** INFORMATION SUPPLIED follows **

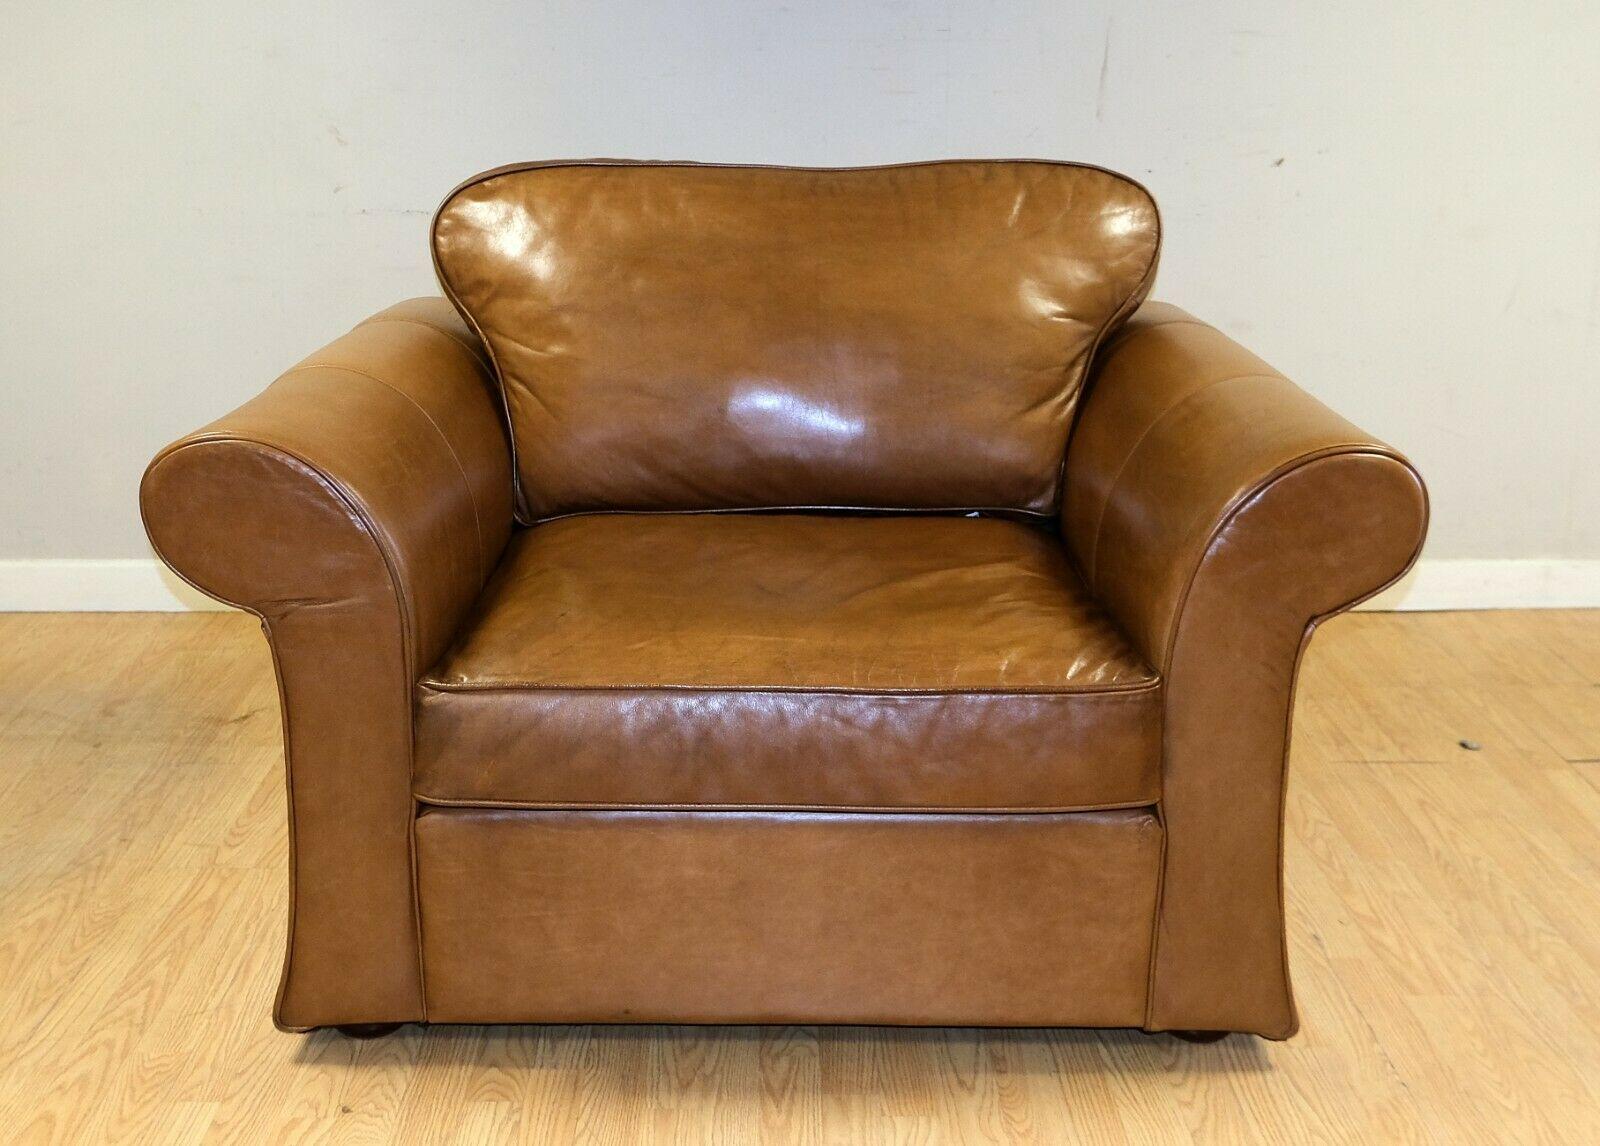 We are delighted to offer for sale this lovely leather armchair in a lovely light brown colour.

This comfortable and solid armchair is presented in a nice soft colour along with real leather. The curved arms are simple and at the same time, with
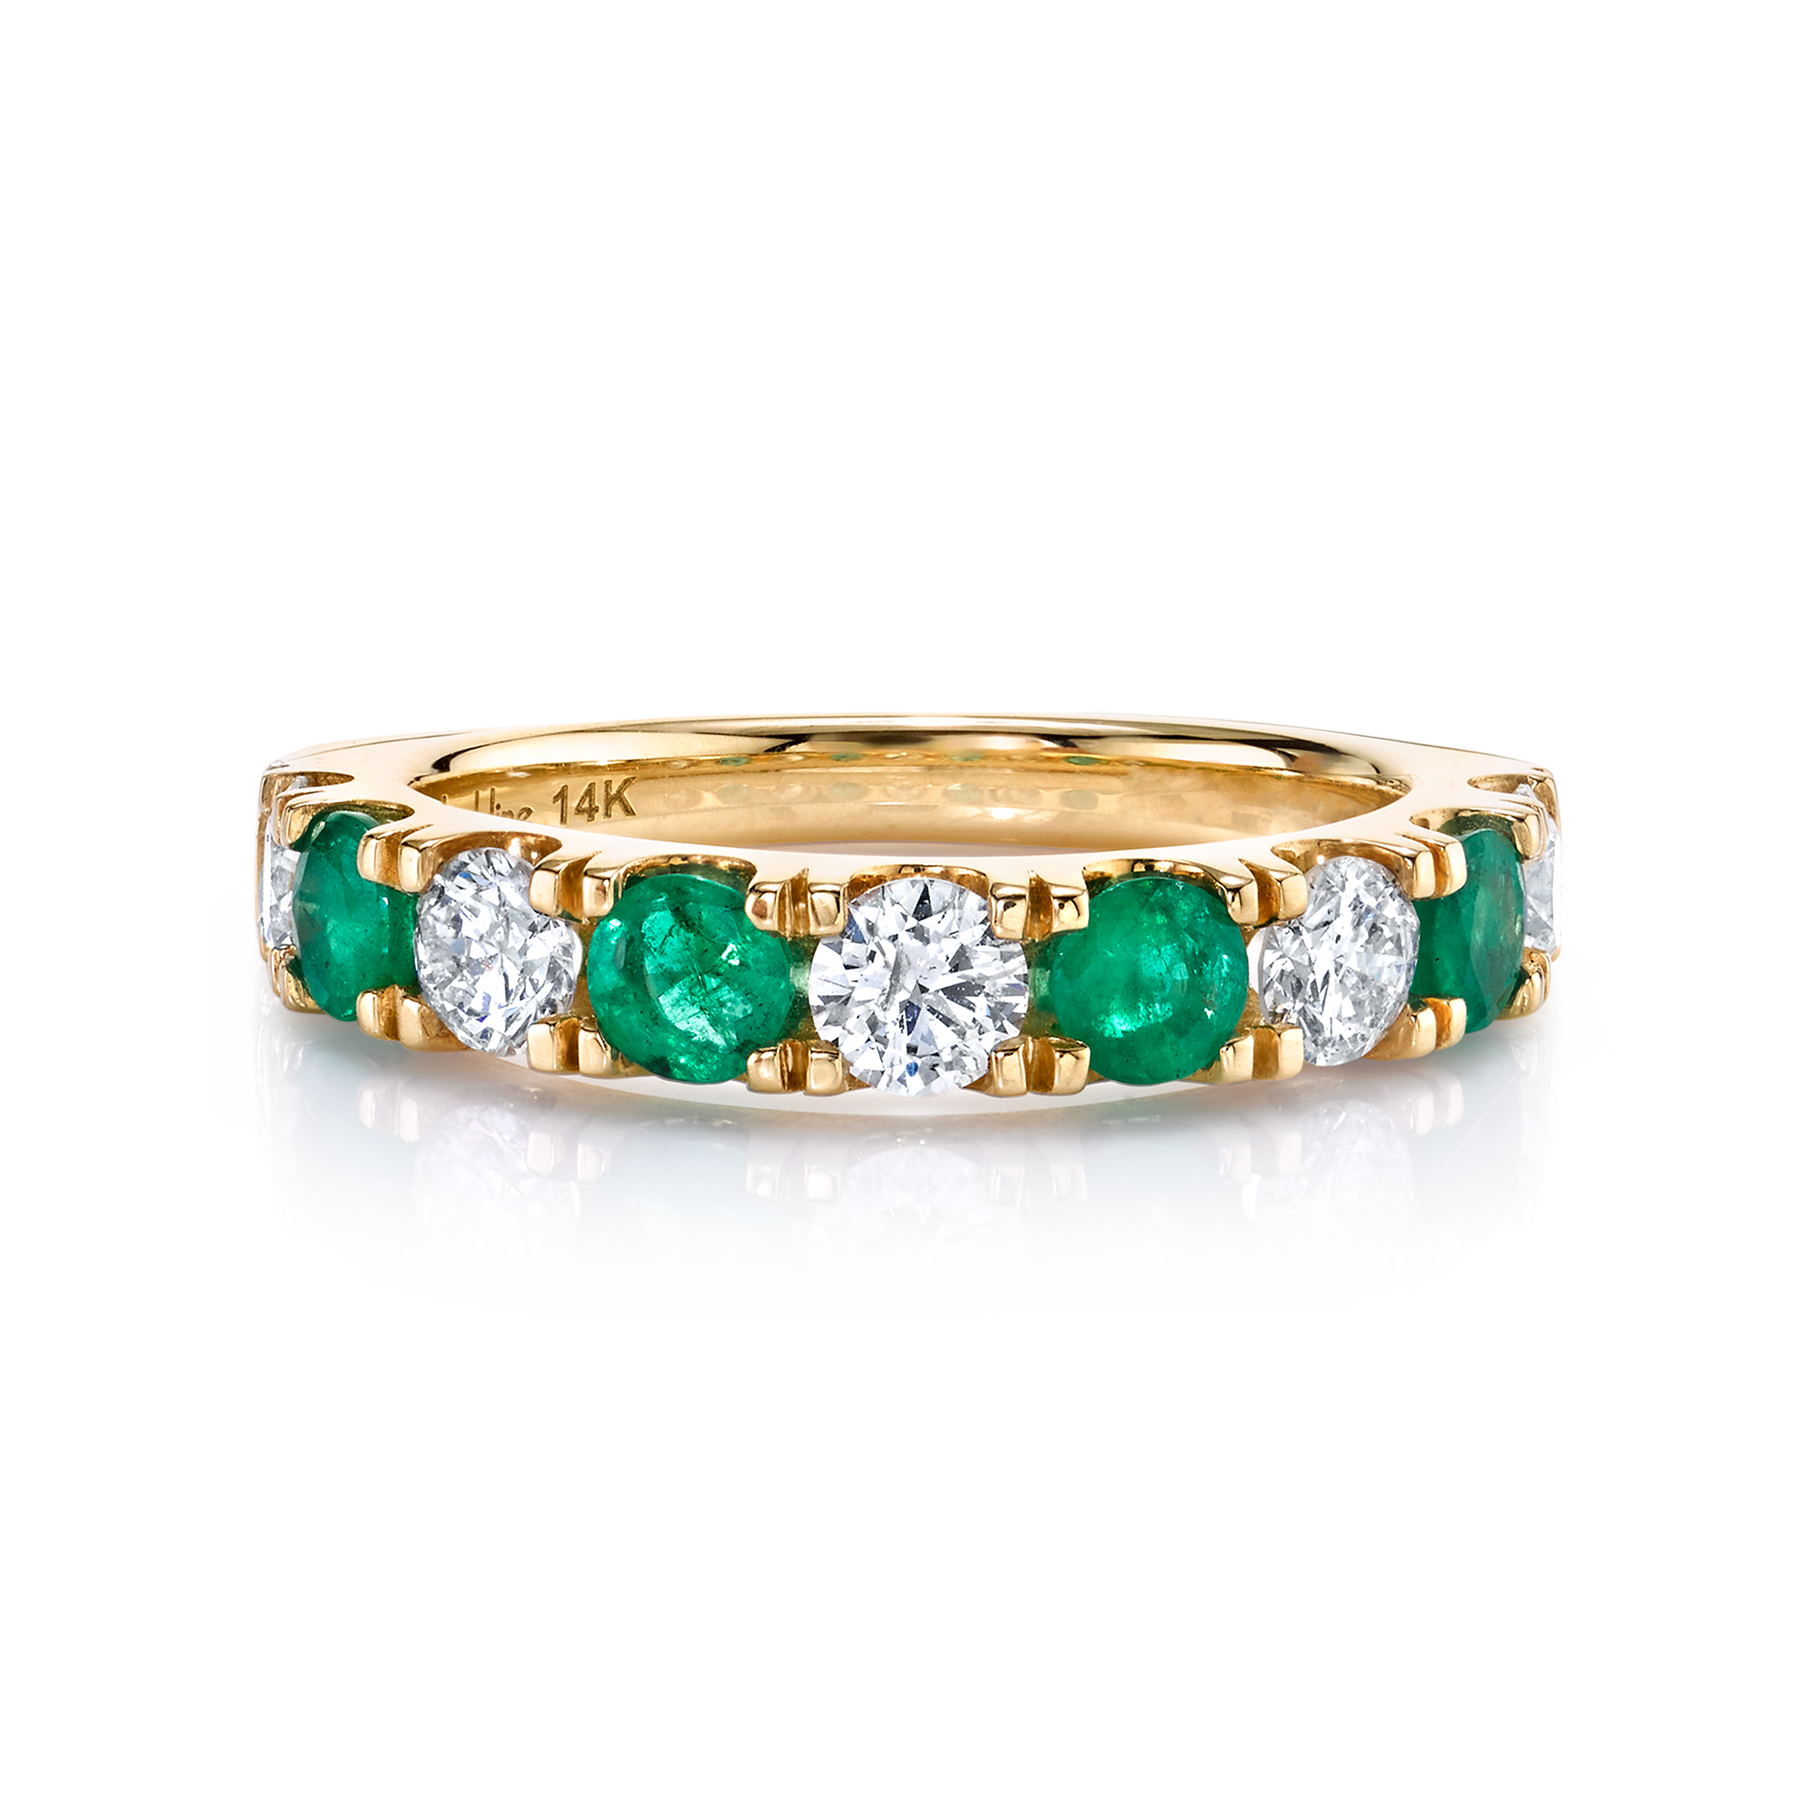 Classic Band - White Diamond and Emerald / 14k Yellow Gold – The Last Line

** End of INFORMATION SUPPLIED **

● INSTRUCTIONS TO FOLLOW: Leaving every picture out, output the data exactly as it stands.

● ANSWER SPACE:
 We are delighted to offer for sale this lovely leather armchair in a lovely light brown colour.

This comfortable and solid armchair is presented in a nice soft colour along with real leather. The curved arms are simple and at the same time, with
 Classic Band - White Diamond and Emerald / 14k Yellow Gold – The Last Line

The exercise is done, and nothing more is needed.